My expression twists in warning. Dangerous territory, Poll.

“I know you had to when your father died,” she says, stretching out her arm, her hand covering mine. “I don’t know what I would’ve done without you. But I’m here now. I’m okay. When those little toe rags cause you any pain, just flick them back my way.”

“It’s become habit now,” I say, staring down into the foam in my cup.

“And they know it. Honestly, I’m sure half the time they’re just trying to you’re your life difficult. Taking the piss. Especially Lavender.” My head jerks up at Polly’s language. She rarely swears. “She just feels like she needs to be seen. If you take a step back, perhaps,” she suggests softly. “I might be able to make some headway with her. And if you did that, you might have more time for Mimi.”

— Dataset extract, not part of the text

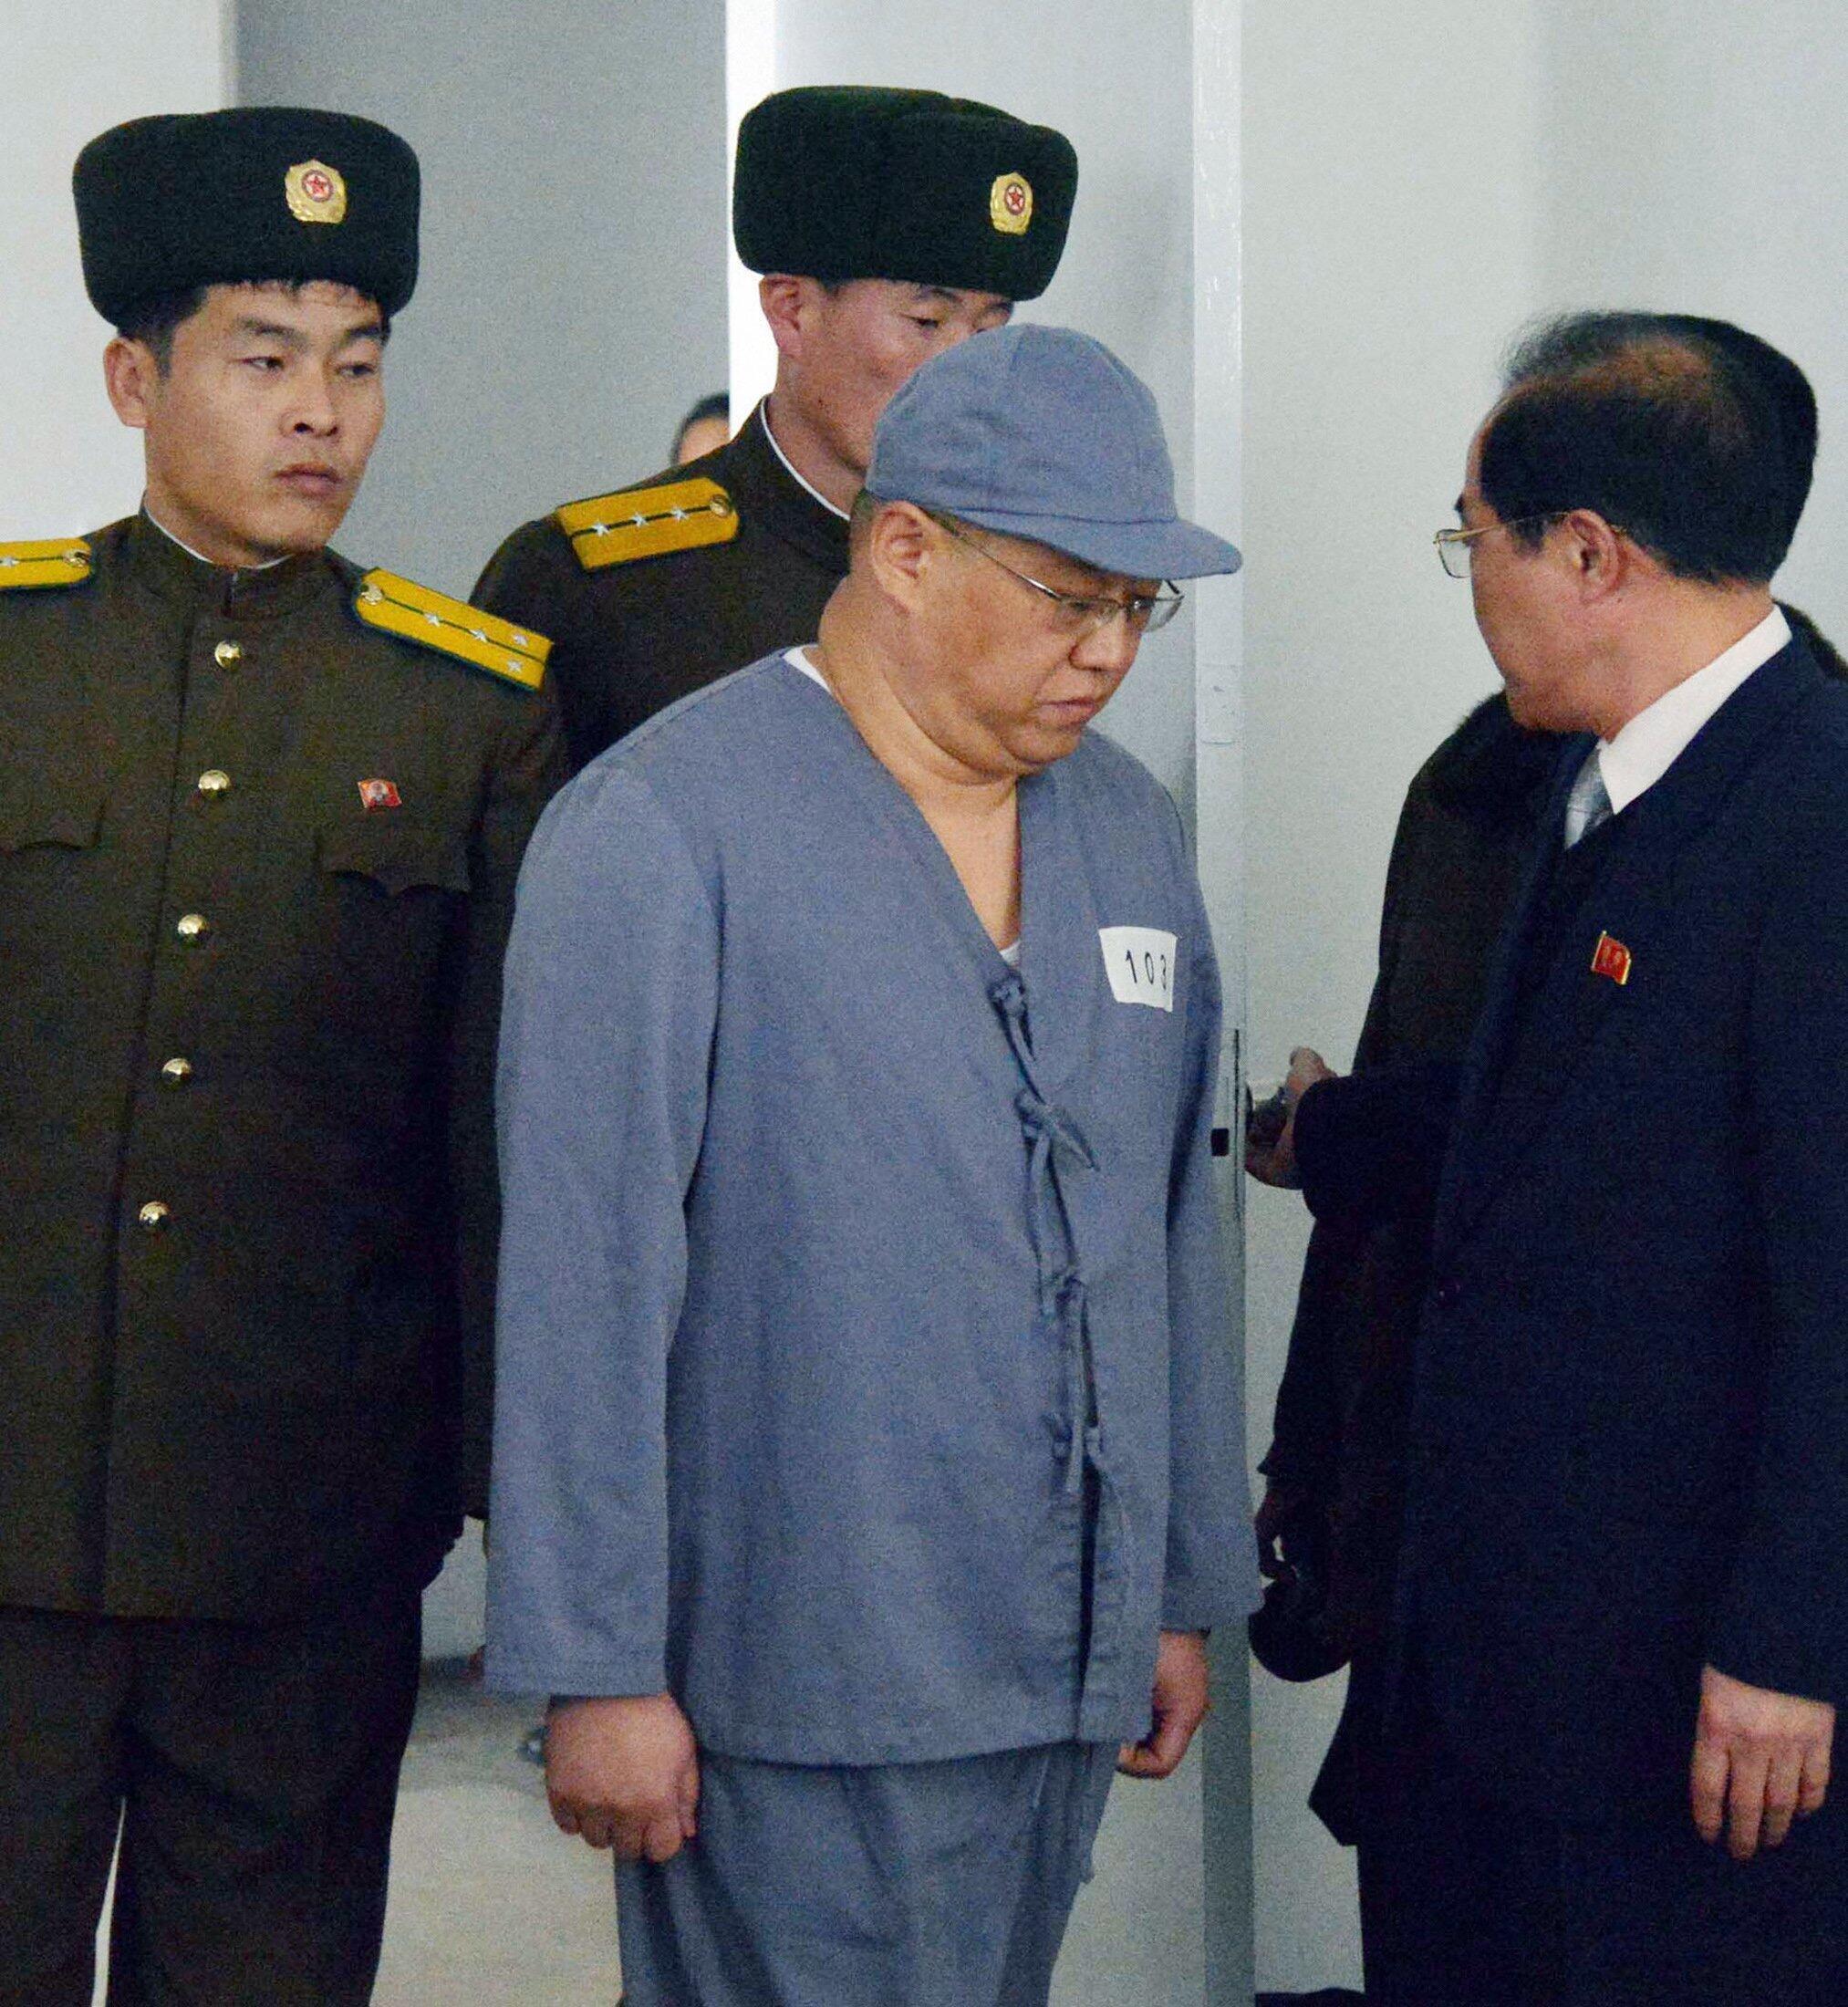 Tù nhân Kenneth Bae hy vọng chính phủ Mỹ gửi đặc sứ đến Bắc Triều Tiên để ông sớm đoàn tụ với gia đình - REUTERS

“Stop,” I say softly. “We tried, and it didn’t work out.”

“It’s just so not like you,” she says, frowning. “You never give up.”

“I didn’t give up. I got involved with a woman who wouldn’t let me in.”

“At first, maybe.”

“You don’t know what you’re talking about, Mum. She’s not the person you think she is.”

“She’s not the person you think she is, either,” she retorts sharply. “Take off your blinders. See this for what it really is.”

“And what’s that?” I say, pressing my fist into my hip.

“She didn’t have a death wish, Leif. When the tests came back, the advice from the cardiologist was that she should consider having an ICD fitted. Not that she had to, that death was imminent.”

“If that had happened to me, you would’ve sat on me—kept me in one place until I gave in and said yes to the thing.”

“But that’s what her parents have done her whole life. She’s lived in fear—their fear. And then just think, she couldn’t put their fear down because of the weight heaped on top of it. Not only was she facing her own mortality, but this device, this ICD, would keep her alive, but not without complications, physical and otherwise. Think of the emotional consequences alone.”

“The emotional consequences of staying alive, you mean.”

“To have the operation, to have an ICD fitted meant giving in. Admitting she was at risk. The risk of dying, not just physically but mentally, too. Just like the bomb found near her aunt’s house. She’d live with the threat, device or not, Brugada just ticking away inside her. The device can become faulty and shock a person into a cardiac arrest for no reason. Parts of the device can be recalled; other parts can fail. Batteries need replacing and don’t let your iPhone get anywhere near it, apparently.”

“You’re iPhone?”

“Yes, apparently, it can set it off or something.”

Fuck. Are they really that unstable?

“Getting an ICD is signing up to a lifetime of operations—heart surgeries, possible infections. Those kill, too. But more than that, according to Mimi’s mother, she’d found it so difficult to think she’d never be a mother.”

“I don’t—I don’t understand.”

“Connor and Mimi received this gene from the family. I can’t imagine the risk of bringing a child into this world with those kinds of odds.”

And just like that, everything fits into place.